I use my 25.06 for EVERYTHING, I have killed deer with it using both 100gr, and 117gr bullets, killed a pronghorn using 120gr bullets, and killed multiple coyotes and other varmints using 87gr bullets.(usually)

I cannot tell you how ANY grain or type of bullet will act out of a .270 as that is not one of my calibers. But I can tell you that if you hit a coyote in the face with a .257 caliber, 100gr Ballistic tip at 500 yards, it aparently cuts them in half lengthwise. Judging by the visual I got after firing anyway. It looked like somebody used a samurai sword to remove the top half from the bottom half. Didn't cross the 3 valleys that happened to be between us at the time to verify the visual, but it DESTROYED it, no question.
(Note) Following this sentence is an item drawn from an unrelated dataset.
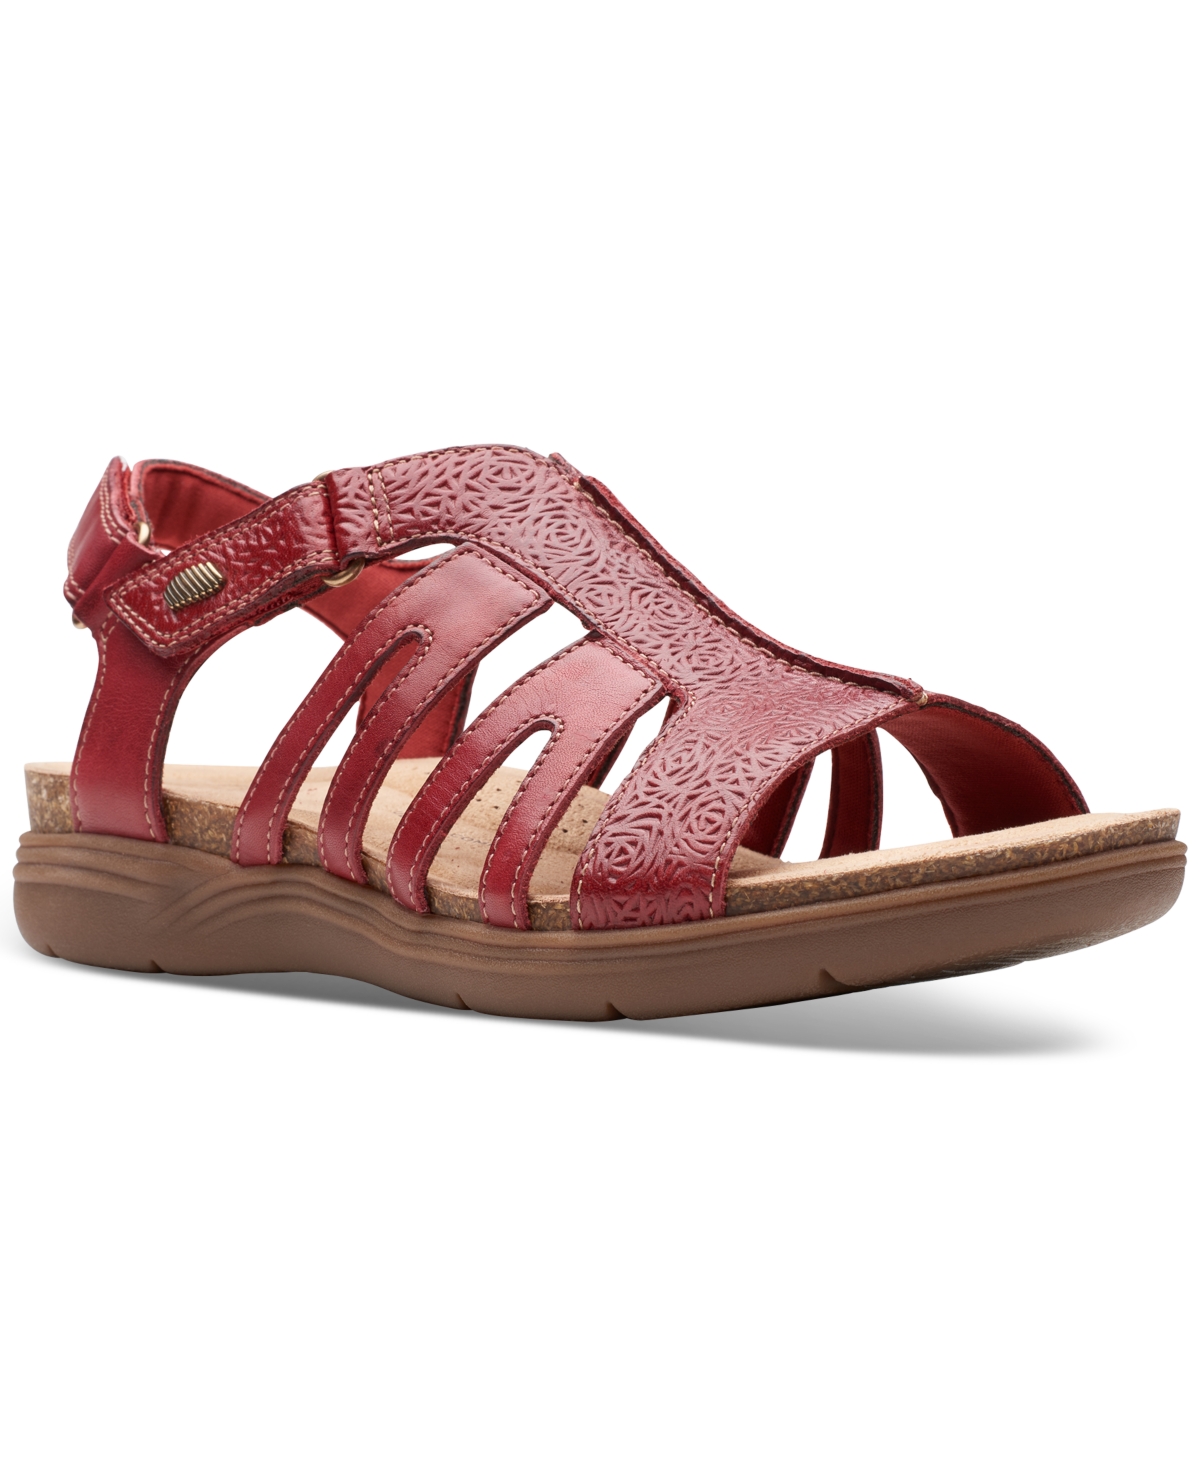 Clarks Women's April Belle Strappy Slingback Sandals In Red Leathe

On the other hand, depending on what 87gr bullet I used, I either blew the dog nearly in half, or made a cute little .25 inch hole in it. Even among varmint bullets, results will vary, so you will need to find out what kind of bullets will give what kind of damage out of YOUR gun.

I have been told that the best bullet to use to eliminate pelt damage is a solid, as it will NOT expand and therefore won't blow anything up. This doesn't guarantee an instant kill though, and the tracking job might be onerous.


----------



## IDfishinUT (Aug 8, 2008)

Could any of you suggest a good powder to start with?


----------



## Artoxx (Nov 12, 2008)

Which caliber?
I use H4350 (primary) and h4831 in my 25.06 for loads from 87gr varmint rounds to 120gr big game loads.


----------



## DallanC (Jan 13, 2009)

IDfishinUT said:


> Could any of you suggest a good powder to start with?


I love H4831SC in that size cases (.25-06/270/30-06)

-DallanC


----------



## Loke (Sep 7, 2007)

H4831. H4350 works with the lighter bullets as well.


----------